President Bush seems to have put us in a difficult position. Redeeming it at this point seems to require conservative willingness to contribute to the constitutional education of Harriet Miers and then an effective defense of her nomination. Anyone want to sign onto this mission?

Discussions - 3 Comments

You wrote"Suppose, secondly, that Miers is confirmed, but raked over the coals in the process. This, it seems to me, emboldens the Left in its opposition to Bush’s future Appeals Court and Supreme Court nominees, and places the President on the defensive as he makes his nominations. This also is not an encouraging prospect."

The President is already on the defensive with these last 2 picks--no evident paper trail for either. Bush has lost his heart for a fight.

"President Bush seems to have put us in a difficult position."

Well said. Of course, Bush not being a conservative this should not surprise us.

"Anyone want to sign onto this mission?"

I believe conservatives have little to gain from this, and the arguments I have heard are all from the negative; "what other choice do we have"? We can choose to stay home in 2006 and 2008...

Now I have to tell you guys that this little item concerns me a great deal. I love Focus on the Family as much as the next person, but this just makes me wonder why Rove and Co. are having special communnicatoins with the "Christian elite" bigwigs, but their leaving us regular Joes out in the cold, intellegence-wise. I’m not going to try that fancy "linking" business, but the article can be read here:

http://www.nytimes.com/2005/10/04/politics/politicsspecial1/04conserv.html

and this is the part that troubles me:

"Karl Rove, the president’s top political adviser, started calling influential social conservatives to reassure them about the pick even before it was announced. He called James C. Dobson, founder of Focus on the Family, over the weekend….

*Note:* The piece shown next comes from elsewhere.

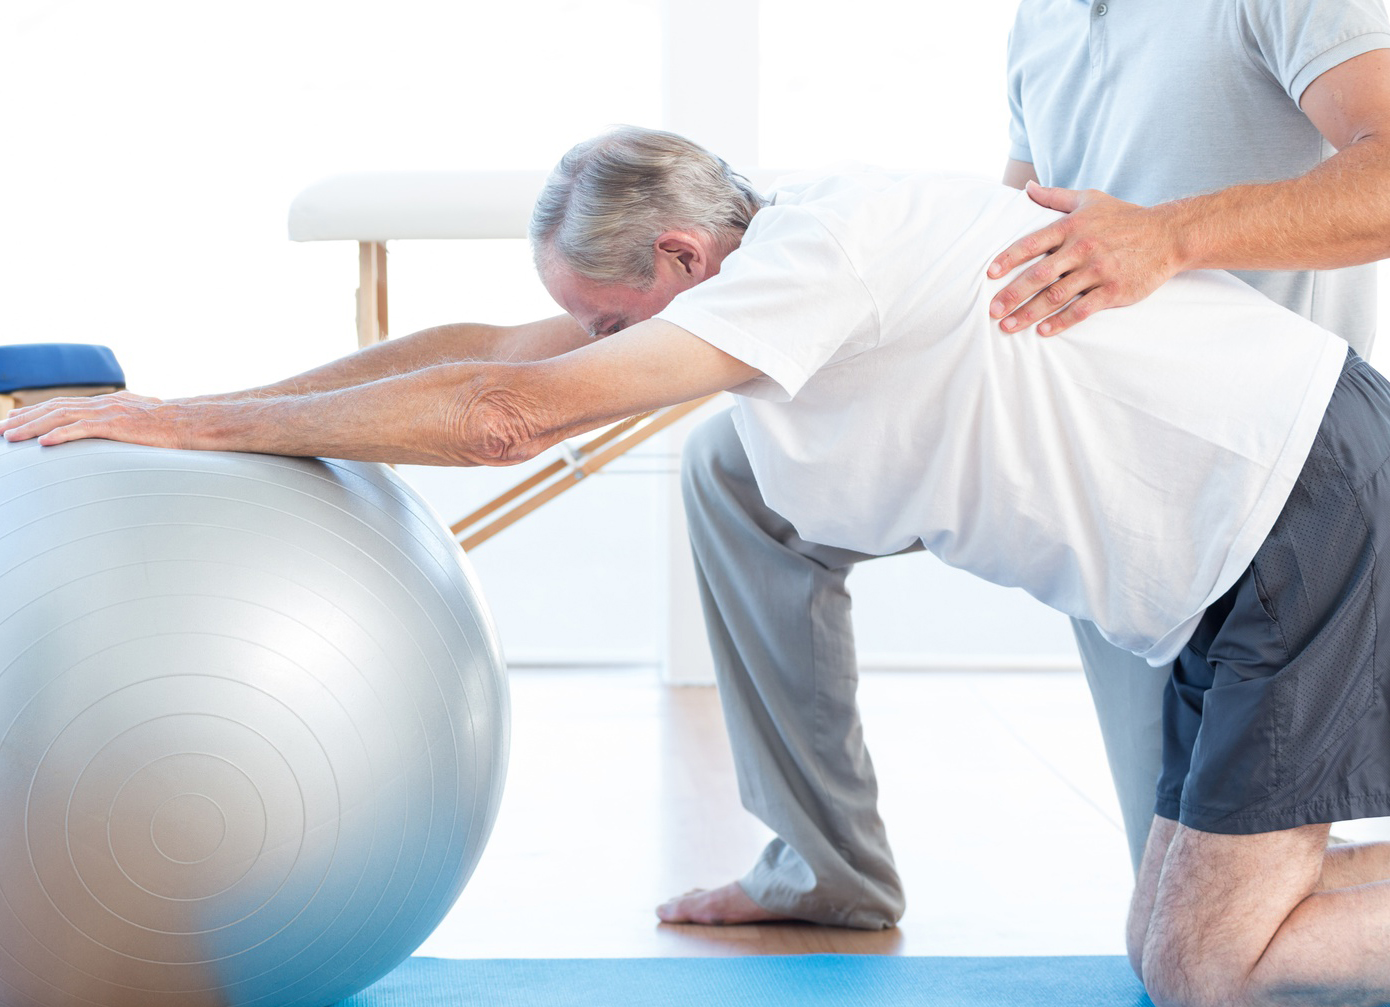 Physiotherapist helping man with exercise ball
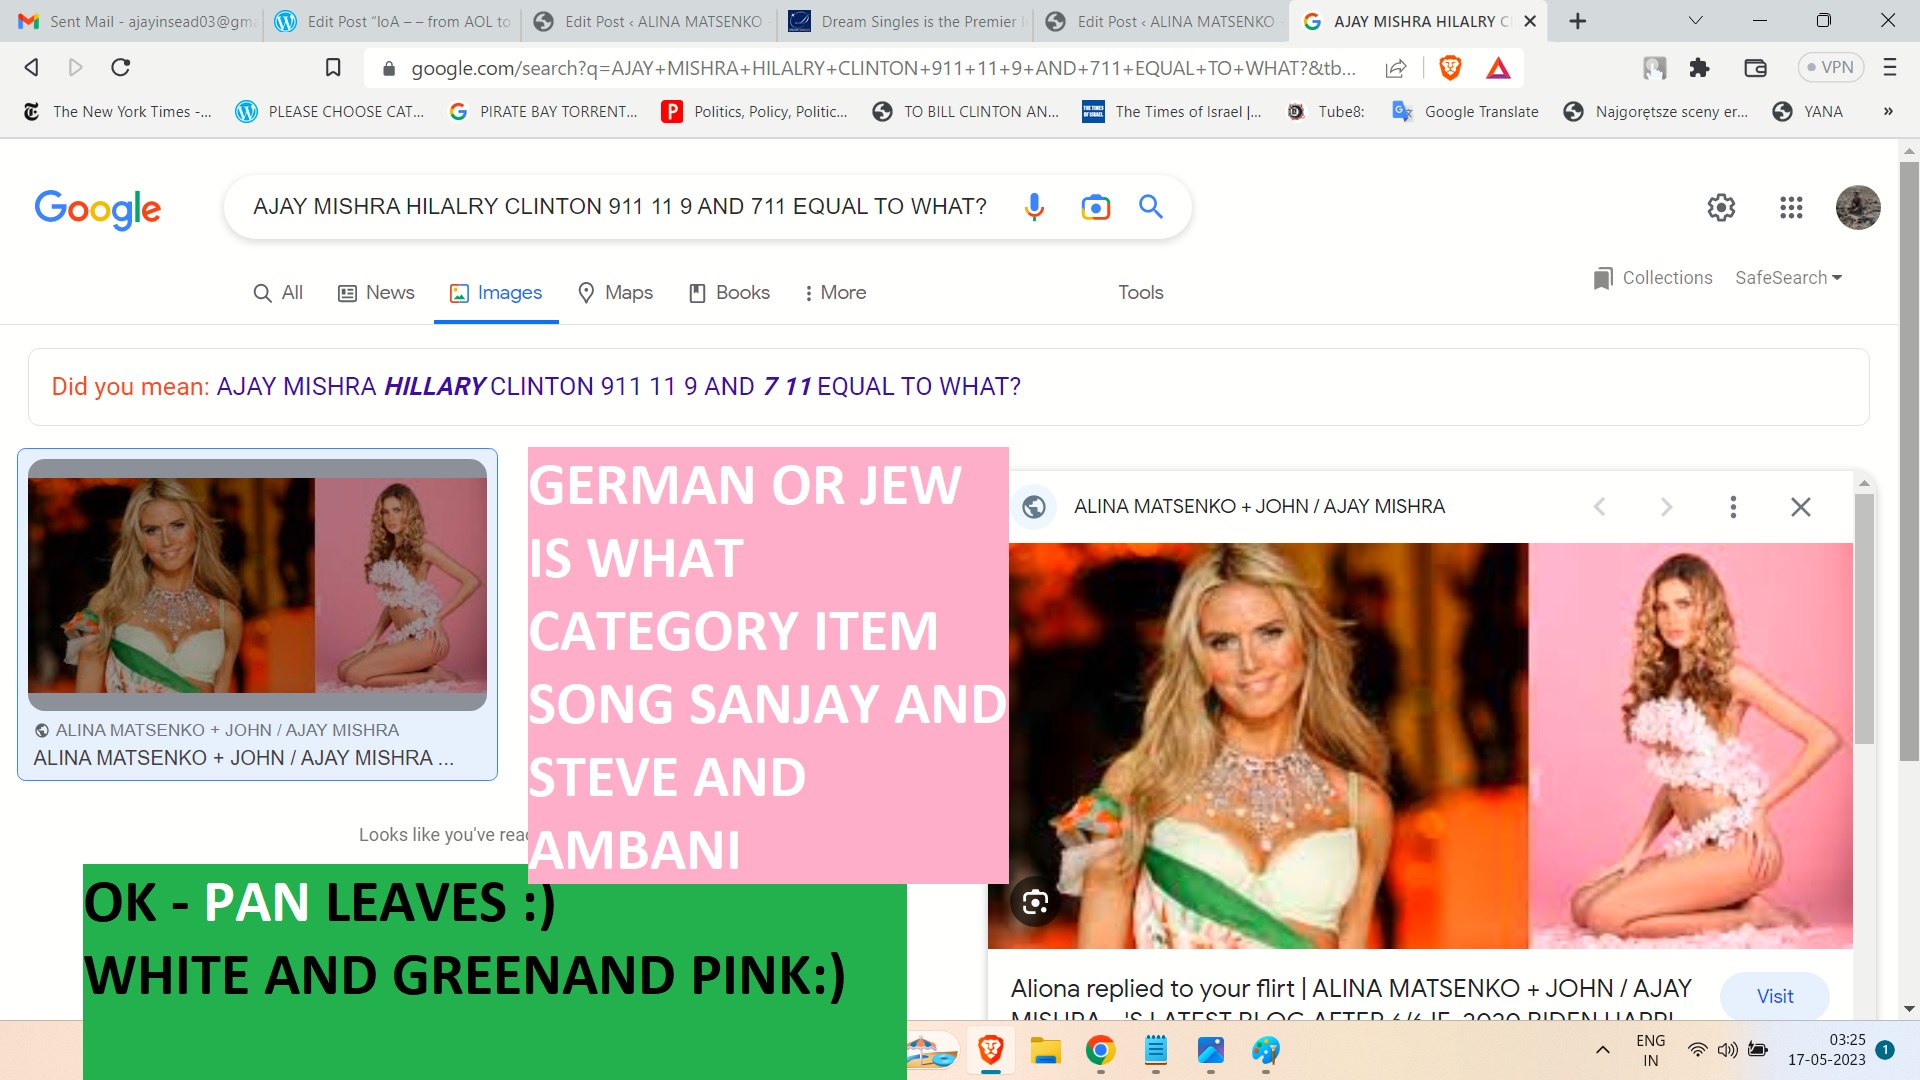 FROM THE DEAD SONEI TO HER ICON AND IDOL HILLARY -> []1 U WENT TO DIAN ;S FUNERAL - NOT MINE [2] U SAI 711 - GANDHI AND GASOLINE OR PETROL MEANS ? KATMNADU AND ALINA [3] HECE - BEYONCE GAFFI SHITAMBANI AND 711 ? SPETRRY COMPARES TO AJAY MISHRA HILARY LLCINTON - 9 11 AND 11 9 AND 711 EQUAL TO? -> PS: IN LUCKNOW THEY WORSHIEPD U AND AMRMATMEPLE AND 6 - I KNWO HE IS NOT STAR - BU T IS HEEUL TO ZERO RO NEGATIVE? - SO CONTRBUTIN S OF SION FO 3RD WODLD SHIT ND ┬аMAHTAM GANDHI MADARHOF TO 6 CONTIENIEN EUAL TO MROE TA GERTER THAN ANDLSS THAT OF ALL MEN ALL STRS FROM ┬аKENNEDY TO MODI TO BIDNE ? IS CALED :) HILALRYJI UWLL BE PREISNDET IF THERE IS REINCRANATION OF :) AJAY MSIGR AND VBILL CLINTN ALLWOED TO SPEAK IF NOT SPEECH TO YOUR SHIT ┬аLOWLY IN EVEN NETWROTH COMOAED TO JAJAY - LET ALONE IN BRAINA DN BRAWN - IS THIS UNCELAR TO U HILLLARY ? CAN U SPEAK LIEK AJAY ┬аDES AND D AND CAN ┬аWELL UCAN IF? YEAH THE ICON OF THE EJWS - JES MAADRHDO EHARD WORD YONI? - SO, TAHTS THE ANSEER TO RESOLVE ALL EMANS ALL EMANS ALL - EBVSU E AMAM- MRONING NIN 6 CONTIET CAL CNETER AND 711 ACCENT - ATCLLY EH DOENT HAVE ┬а7 11 ACCENT OK BARACK - ┬аSO, HIILARY - HE LOEVS U - NOT JST U KNWO HIS GDOS GOD THE BILL :) ┬а Thanks in Advance,┬аSincerelyAjay┬а

Some of the efforts evidently bore fruit. By day’s end, Mr. Dobson, one of the most influential evangelical conservatives, welcomed the nomination. "Some of what I know I am not at liberty to talk about," he said in an interview, explaining his decision to speak out in support of Ms. Miers. He declined to discuss his conversations with the White House.’

Now if that don’t just get your goat, I don’t know what would. I’m starting to wonder about the integrity of Mr. Rove. Mr. Bush I trust like a son, but Mr. Rove is a different matter.